### Supplied data
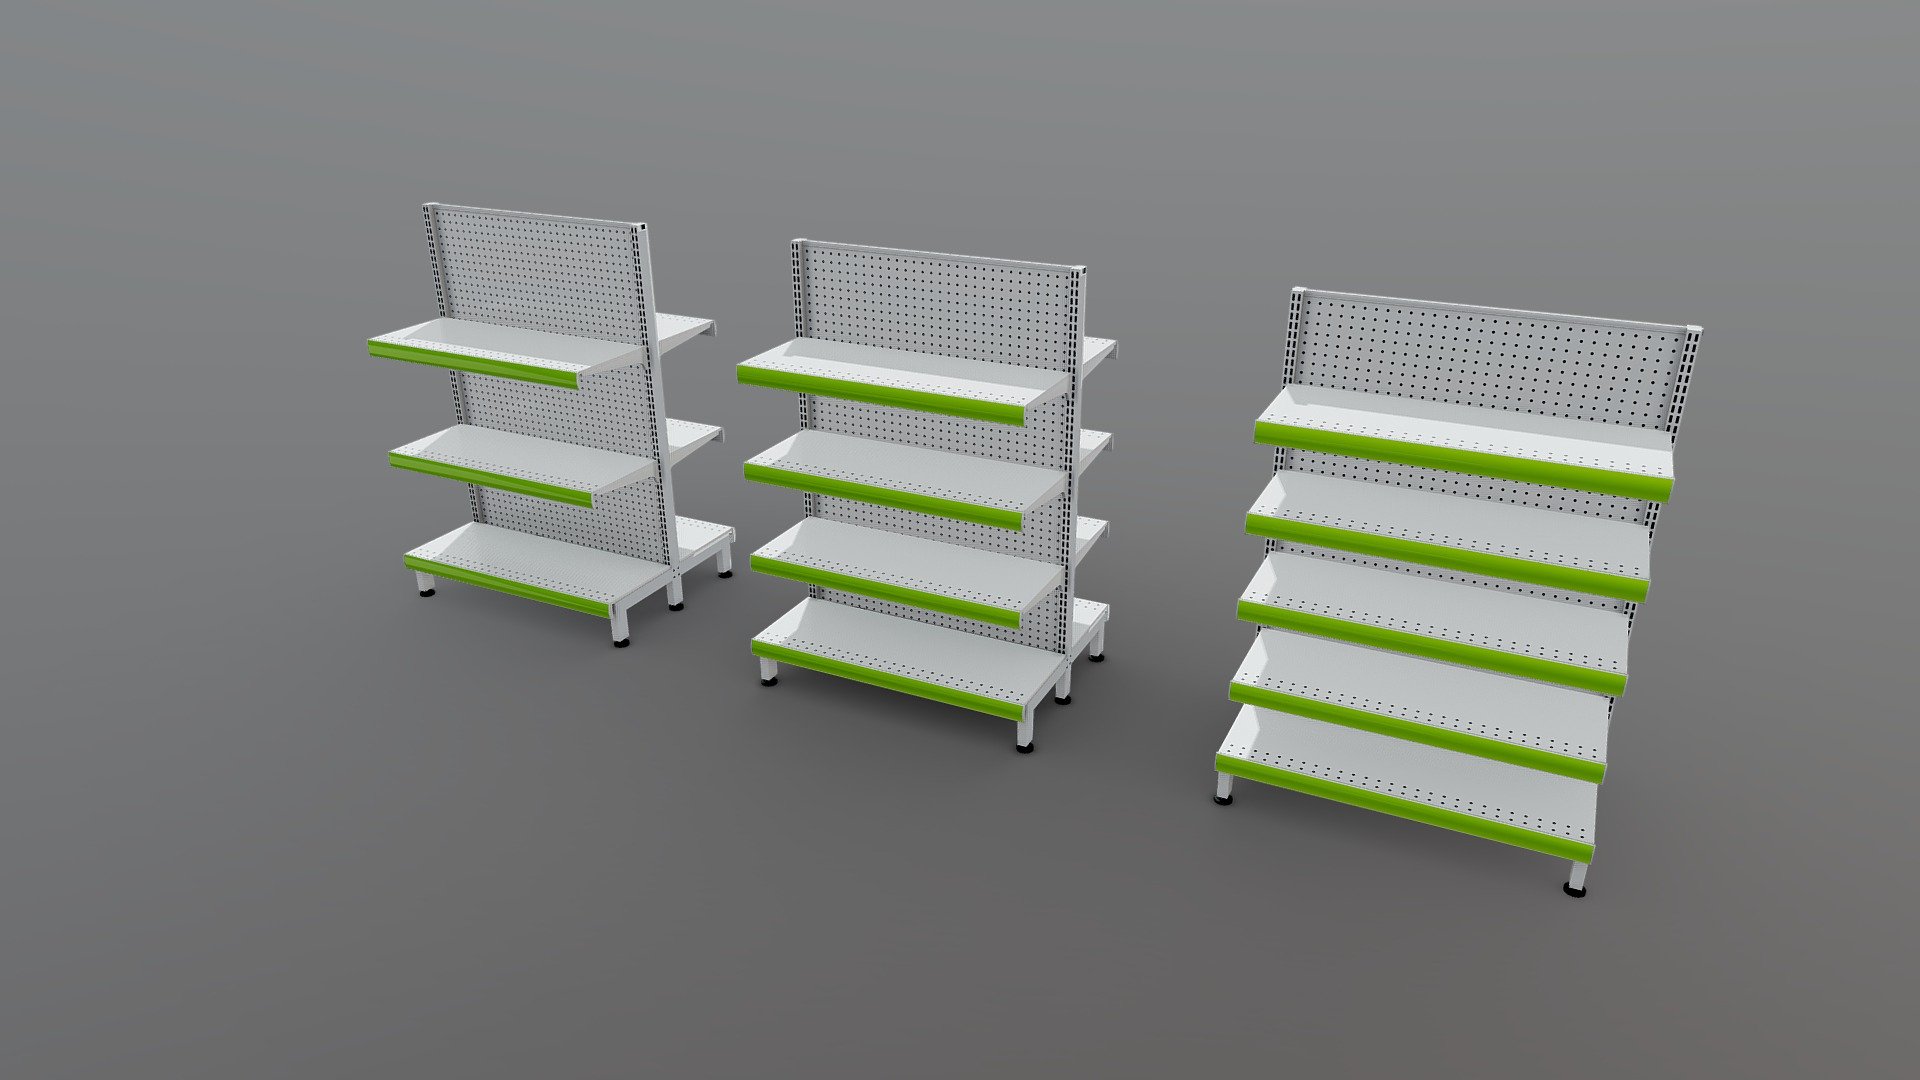 Modular shelves for Hardware Shops or Grocery Stores. With these models you can design various shelves configurations. You can use this 3d model in your games, AR or VR apps, or others projects as you want 3d model
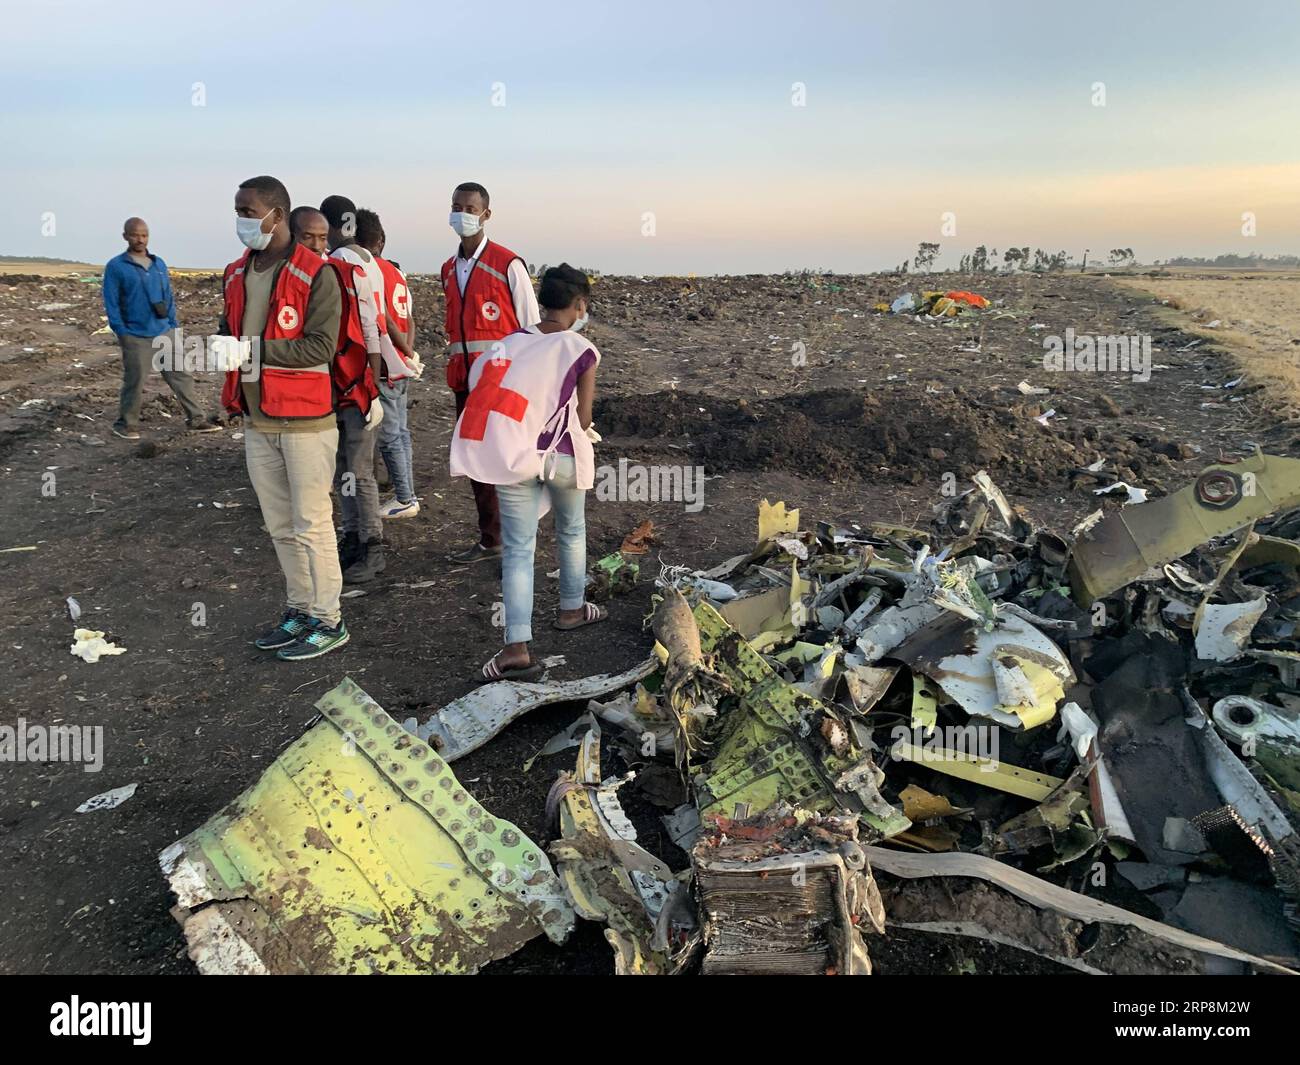 (190310) -- ADDIS ABABA, March 10, 2019 (Xinhua) -- Rescuers work beside the wreckage of an Ethiopian Airlines aircraft at the crash site, some 50 km east of Addis Ababa, capital of Ethiopia, on March 10, 2019. All 157 people aboard Ethiopian Airlines flight were confirmed dead as Africa s fastest growing airline witnessed the worst-ever incident in its history. The incident on Sunday, which involved a Boeing 737-800 MAX, occurred a few minutes after the aircraft took off from Addis Ababa Bole International Airport to Nairobi, Kenya. It crashed around Bishoftu town, the airline said. (Xinhua/W Stock Photo
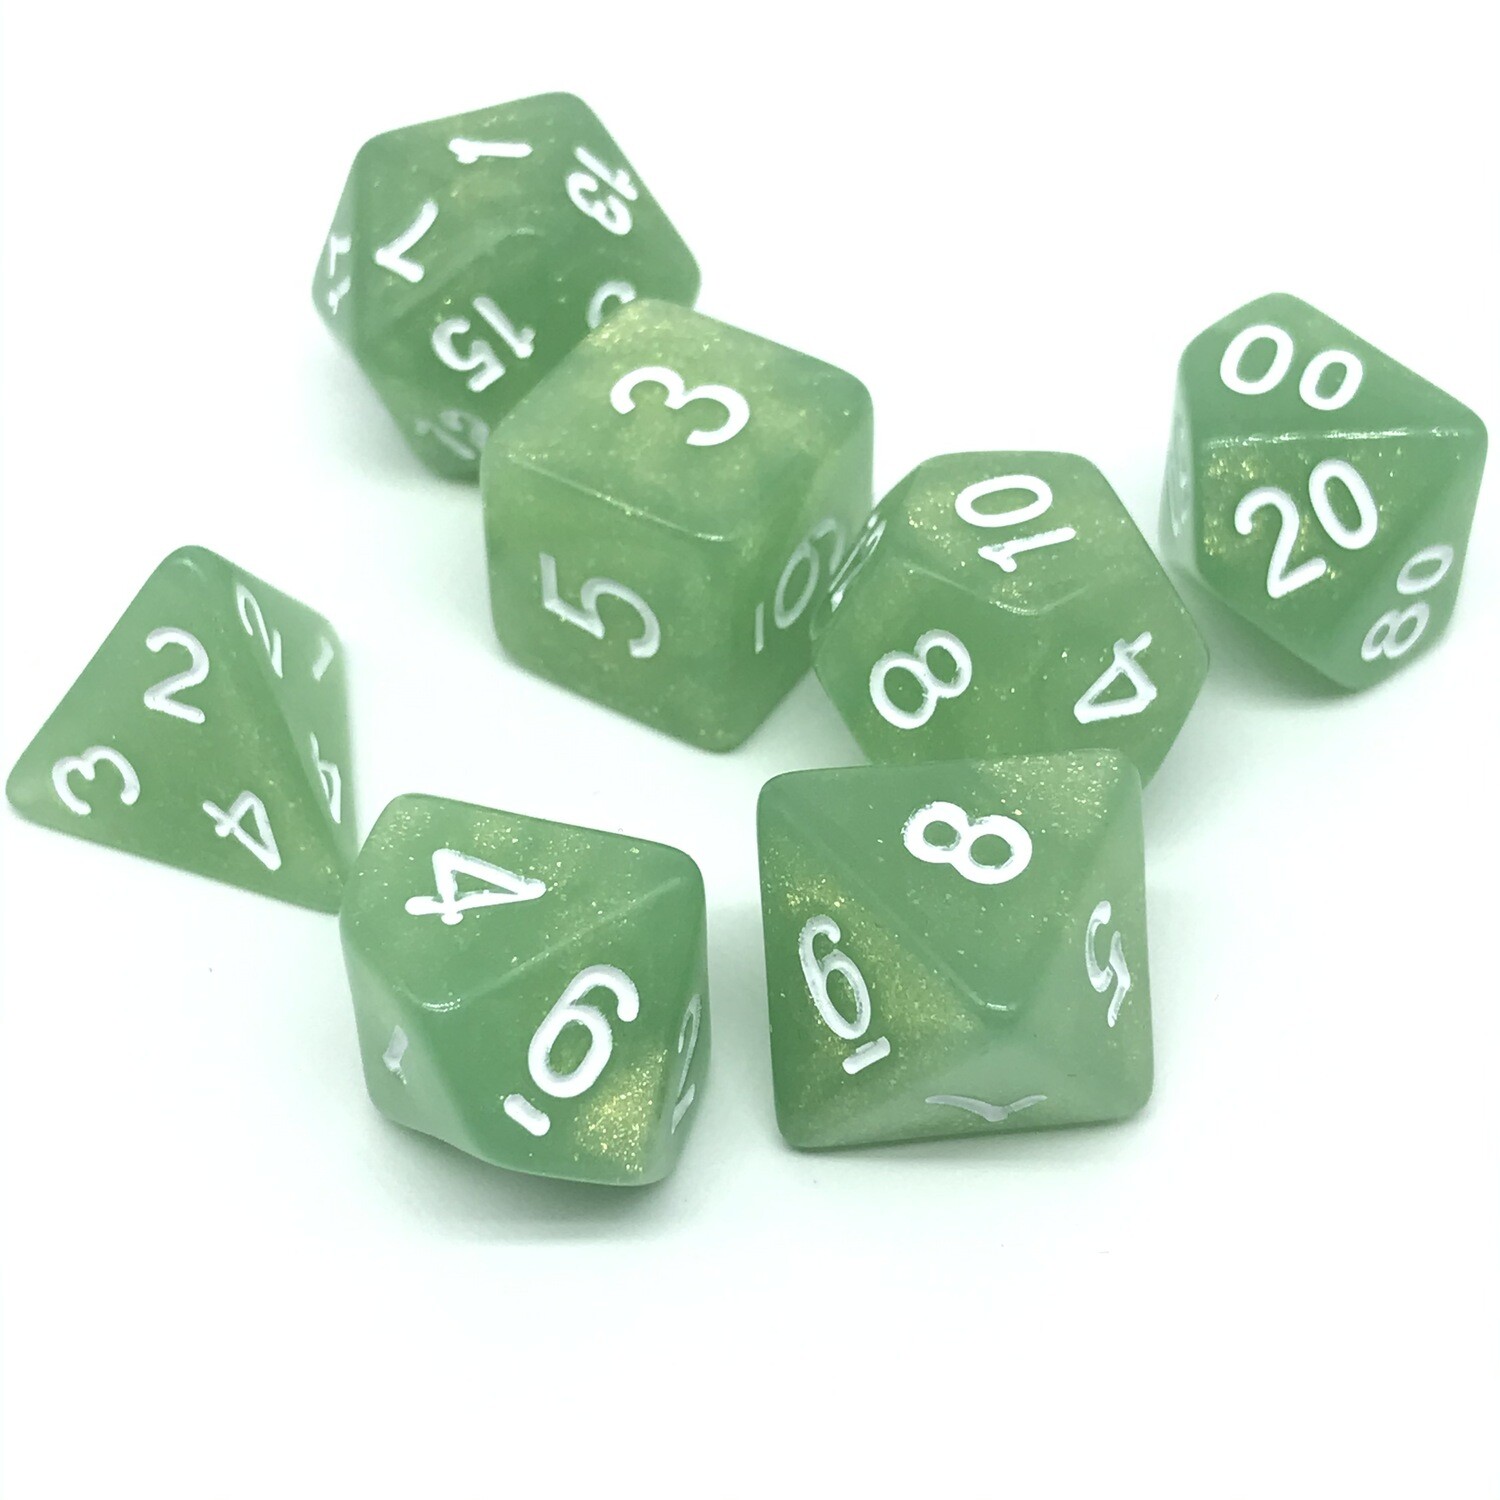 Dice Set - Green sparkly with white numbers
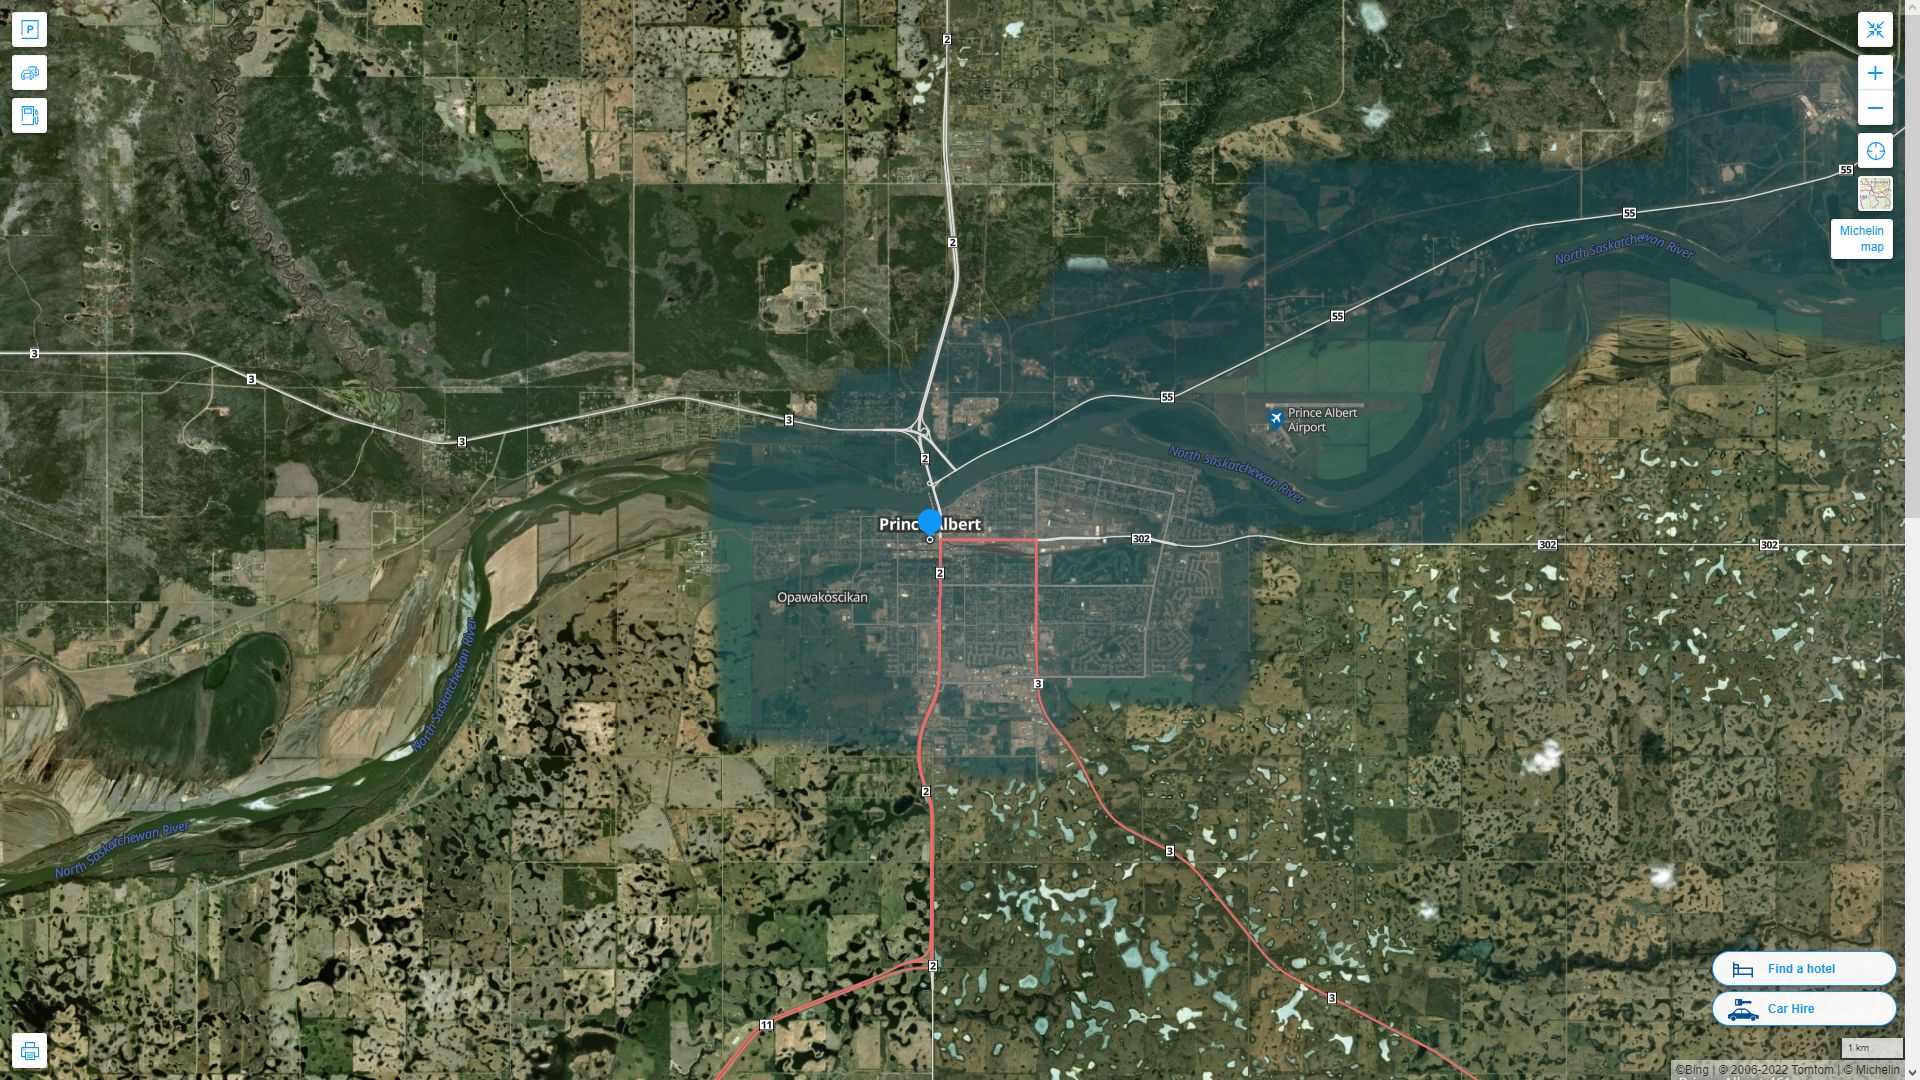 Prince Albert Highway and Road Map with Satellite View

### Directions
Your answer must be only the lines from the one that holds "Dice Set - Green sparkly with white numbers" to the end of the listing, each restated word for word, with both ends kept and pictures left out.

### Reply
 Dice Set - Green sparkly with white numbers
 Prince Albert Highway and Road Map with Satellite View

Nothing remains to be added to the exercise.